Perimedullary arteriovenous fistula

Progressive quadriparesis in a young woman due to a spinal perimedullary arteriovenous fistula (PMAVF type IVa) successfully treated with endovascular therapy: A case report
Endovascular treatment of a craniocervical junction dural arteriovenous fistula associated with lateral medullary syndrome: A case report
Intradural venous engorgement of CSF-venous fistula mimics spinal dural arteriovenous fistula on MRI: A novel case report and review of literature
Treatment of 23 spinal perimedullary arteriovenous fistulas in a single center: A simple and practical treatment strategy
Rare and Easily Misdiagnosed Intracranial and Craniocervical Junction Dural Arteriovenous Fistulas With Spinal Perimedullary Drainage
Evaluating the Role of Onyx Embolization in the Management of Spinal Dural Arteriovenous Fistulas: A 20-Year Single-Center Experience
Successful endovascular treatment for pediatric ruptured cervical spinal perimedullary arteriovenous fistula: A case report
Surgical Management of Spinal Dural Arteriovenous Fistula: A Case Report

Spinal dural arteriovenous fistula (SDAVF) and perimedullary arteriovenous fistula (PAVF) are two distinct types of spinal vascular malformations within the spinal cord and its surrounding structures. They differ in their location, anatomy, and clinical presentation.

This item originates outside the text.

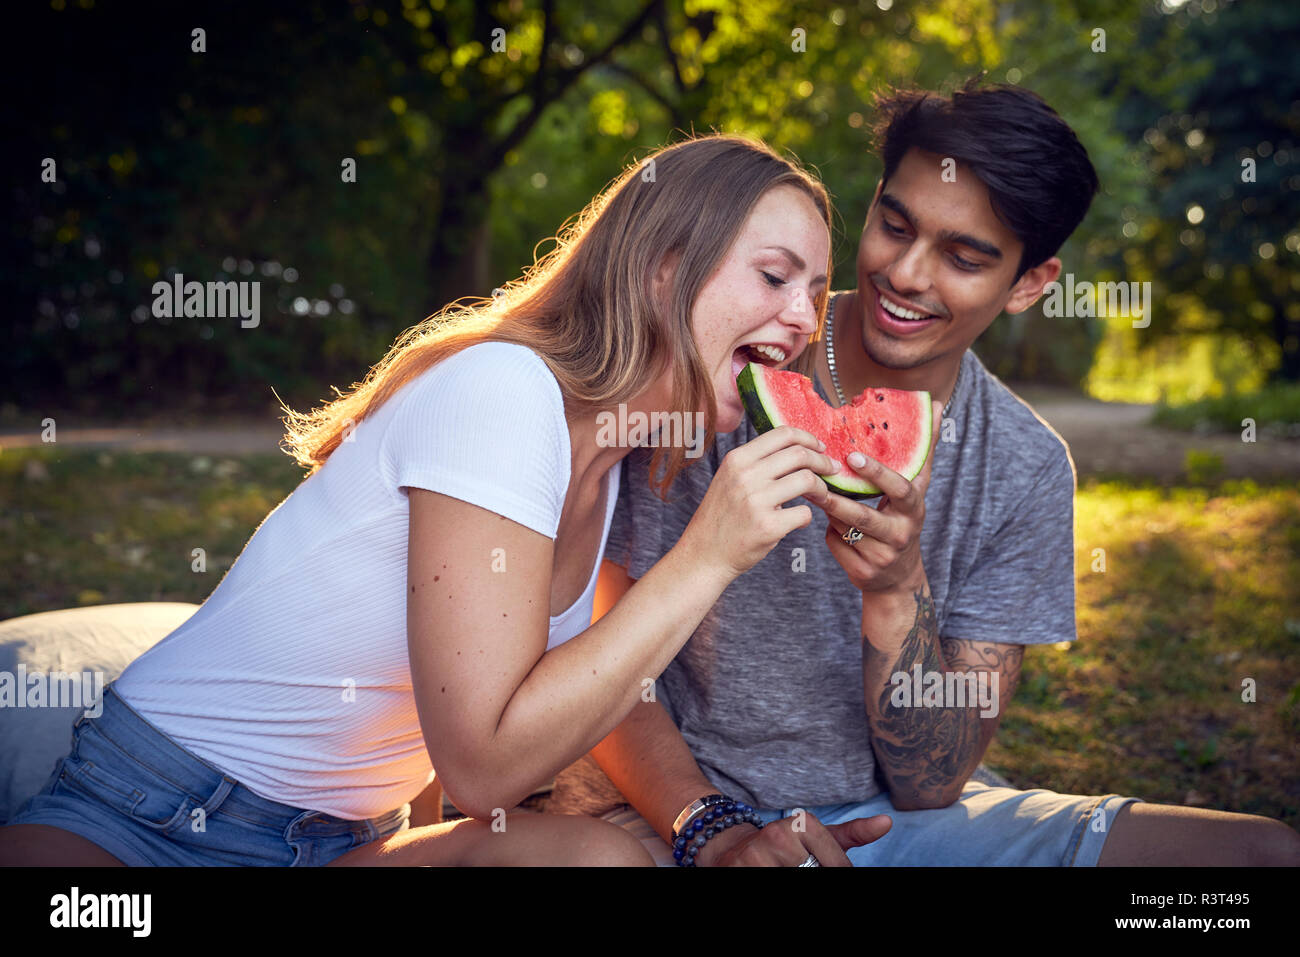 Coppia giovane seduto nel parco, mangiando anguria Foto Stock

This spinal cord vascular malformation, is intradural located either on the surface of the cord or just under the pia without an intervening nidus ¹⁾.

There is a shunt between a radicular artery and intradural veins ²⁾.

The lack of a nidus differentiates these lesions from the type II and III spinal arteriovenous malformations and the intradural location of the arteriovenous shunt with the involvement of arteries feeding the cord differentiates it from dural arteriovenous fistulas.

This type of spinal arteriovenous malformation was first described by Djindjian et al. ³⁾ in 1977, and subsequently classified as type IV spinal arteriovenous malformations (AVMs) by Heros et al ⁴⁾.

Type 4 spinal vascular malformations of the American English French connection classification.

They constitute 8-19% of spinal vascular malformations and are predominantly found in the thoracolumbar region, either on the anterior, lateral or posterior surface of the cord ⁵⁾.

Perimedullary Arteriovenous Fistula Classification.

Progressive myelopathy, spastic paresis, sensory disturbance, and bowel and bladder dysfunction can be the presenting symptoms. Cervical spinal arteriovenous fistulas (AVFs) are even rarer. These lesions differ from the ones in the thoracolumbar region and have an even wider mode of presentation.

Spinal dural arteriovenous fistula (SDAVF) are considered to be acquired and should be distinguished from congenital intradural perimedullary arteriovenous fistulas (PMAVFs).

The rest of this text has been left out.